Она не ответила, стояла вся сжавшаяся, иззябшая, такая вся понятная — как было понятно ему сейчас все в этом бардаке: убогая пигалица, которая ждала его столько времени ради грошовых брюк, но конечно, не только ради них, видно по этим глазам сучки. Жалкая сучка, искавшая случая лишний раз наведаться в мужскую палату (как говорил этот свинорылый) — он знал для них всех истинные слова, этой тоже хочется ухватить от жизни. Но ее еще по крайней мере жалко. Он привычно раздел ее взглядом, представил в виде особенно унизительном. Пожалуй, какой-то грязцы он сейчас хотел, как ищет, наверно, грязи свинья, чтобы избавиться от зуда.
— Ну что, в корпус уже не пройти, закрыто? Ладно, до утра не хватятся, сегодня выходной. Я эти порядки знаю. Ну? Чего молчишь? Есть у тебя хата?
Ветки блестящими кольцами закручивались вокруг фонаря. Лестница с запахом кошек и сырости. Тихо, чтобы не издать скрипа. Беззвучно открылась дверь.

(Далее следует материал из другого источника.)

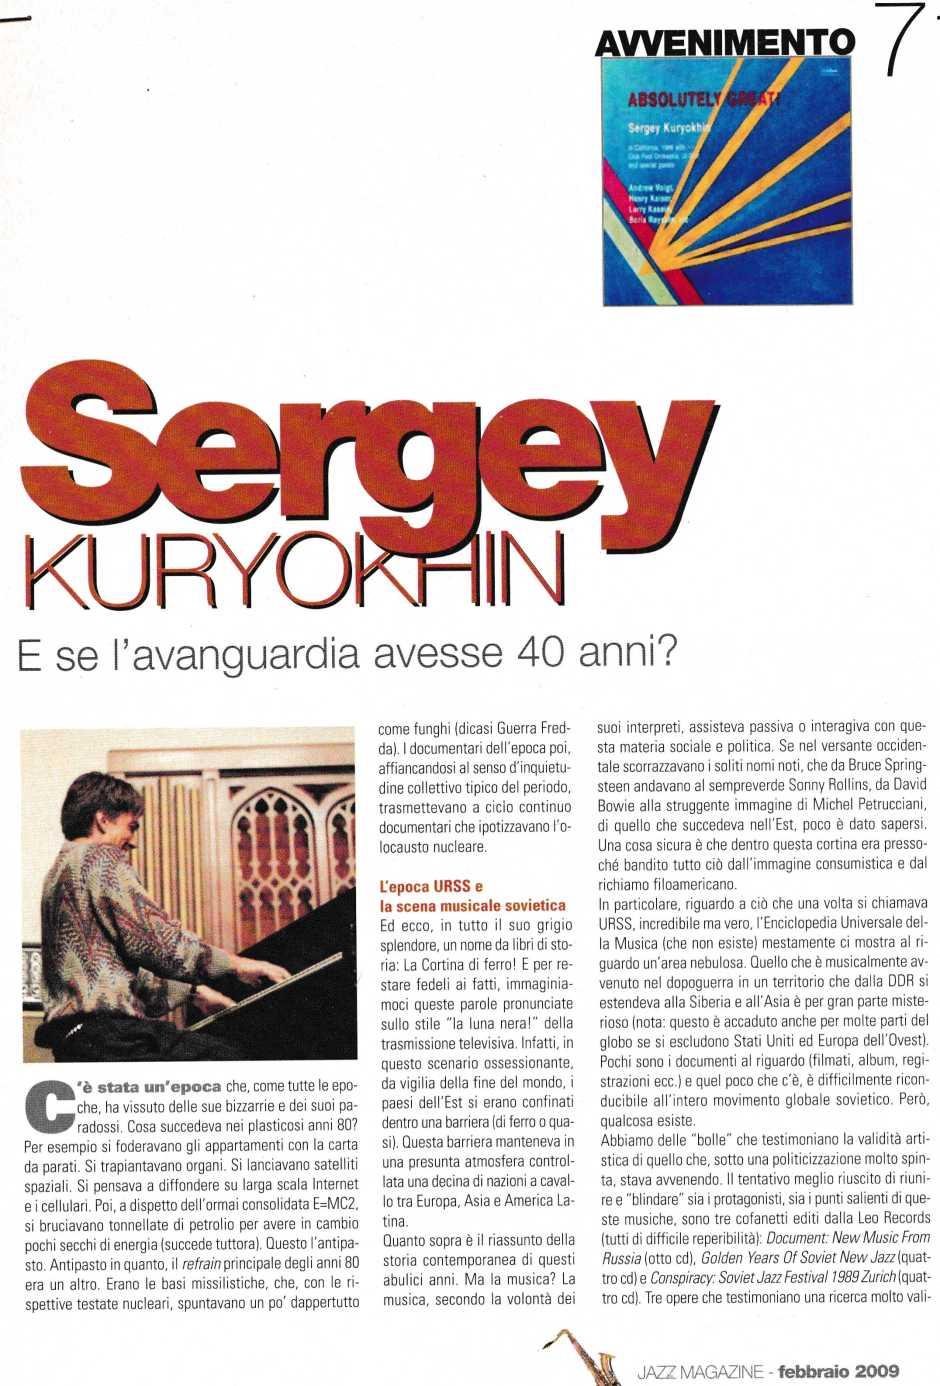 kuryokin4055

За ней, как в бреду, белела яркая скатерть, бутылка и три высоких бокала отблескивали от свеч в тройном подсвечнике; горбоносая старуха с черным накрашенным ртом встала навстречу.

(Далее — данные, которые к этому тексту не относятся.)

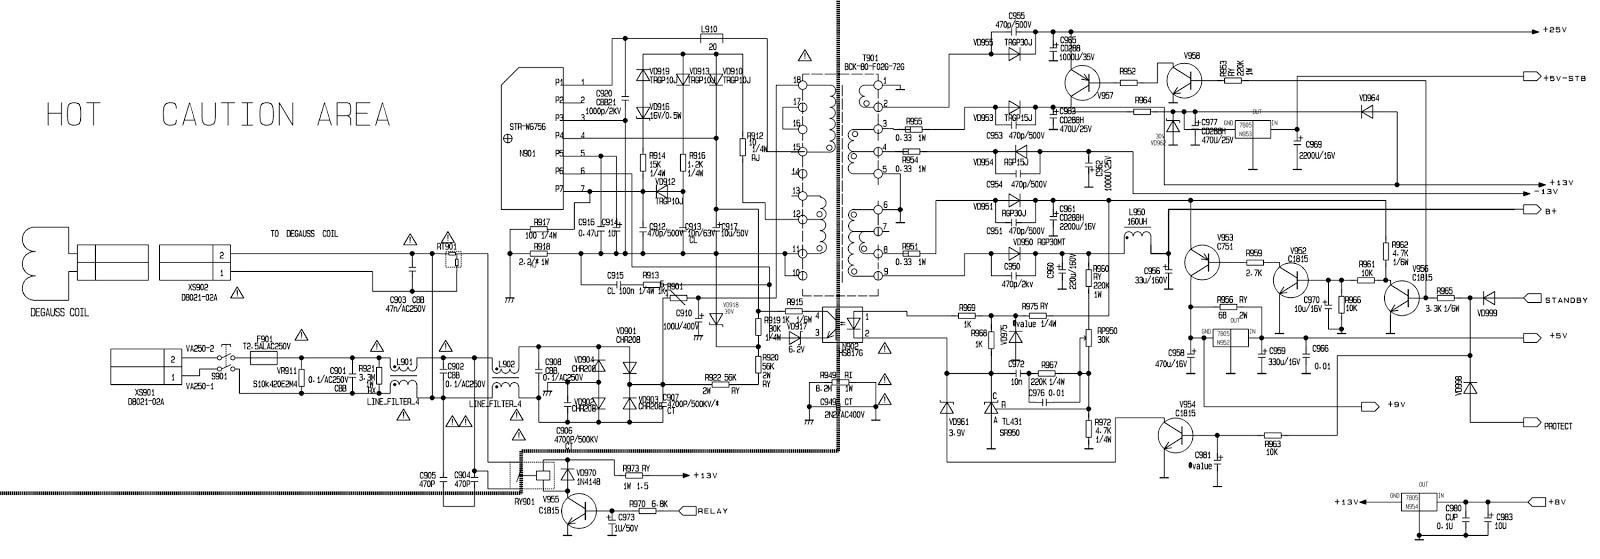 medium resolution of schematic diagram

Нет, не встала — встрепенулась, как человек, очнувшийся ото сна, и сна тревожного, с благодарностью за пробуждение.
— Ох, наконец, Господи! — прокаркала жалобно.— Как я уже волновалась! Не знала, что думать. Чуть ум не зашел за разум.— К исходу последней фразы она уже сумела, однако, совладать с голосом, плавно, как взнузданную лошадь, переведя его на светский, хотя и не менее скрипучий тон; улыбнулась молодому человеку черным ртом, протянула руку — не для приветствия, для поцелуя.— Княжна Ганецкая.— На ней был какой-то немыслимый то ли капот, то ли халат с цветочками.— Можете звать меня Роксана Викентьевна.

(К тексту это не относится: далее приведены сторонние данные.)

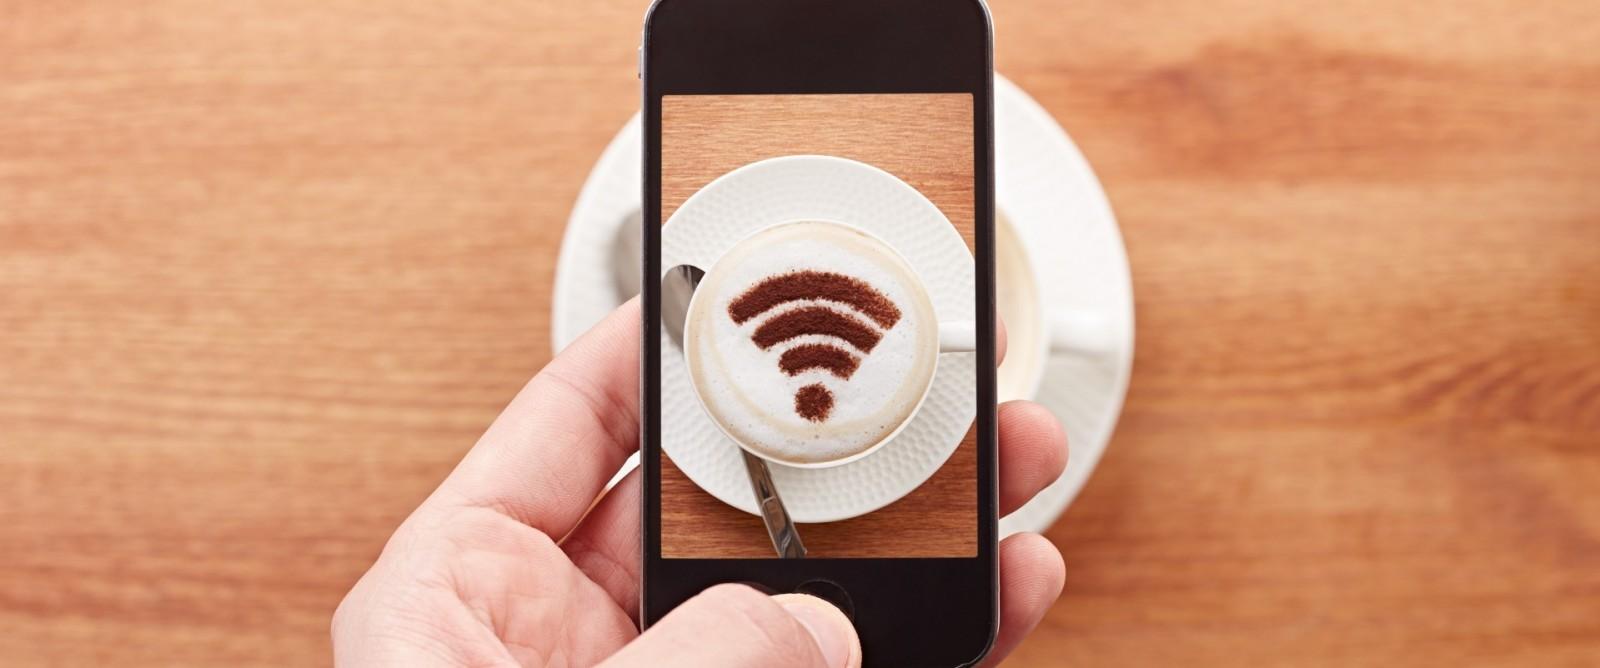 Cara Menggunakan WiFi Di Tempat Umum Dengan Aman (Bagian 2)

— Богатырев.— От первой растерянности он тронул губами руку, пахнувшую вазелином. Запах его отрезвил. Мать твою, так примерно можно было передать суть его мыслей, впрочем, весьма приблизительно и сокращенно; в этих мыслях была простая догадка, что перед ним мамаша или родственница этой, приблизительно сказать, идиотки, вполне ее объясняющая; что тут устроено ему нечто вроде ловушки; что уходить тем не менее некуда и незачем, пахнет некоторым даже весельем — и он был не против повеселиться, а там, посмотрим, чего-нибудь и дальше, и бутылка на столе отвечала желанию, большему, чем другие; нет, уделаешься от смеху, такое только спьяну примерещится. Увы, он был до отвращения трезв, все в этом мире было ему понятно, даже слишком понятно. Ну, ну.— Можете звать Игорь.
— Очень приятно,— сказала княжна.— А это вот Аполлон. Для своих просто Пуся. А это,— она показала было на манекен, но осеклась и махнула рукой.— Не обращайте внимания.
Манекен с грудью без сосков, а впрочем и без головы, понизу был обмотан теперь, как юбкой, серой временной тряпкой — казалось, Роксану Викентьевну смущает, словно неприличие, пустота под торсом. Тем не менее он подвинулся поближе к столу, за которым расправлено было, как ширма, портновское тройное зеркало — возможно, чтобы немного закрыть от гостя неприглядность помещения.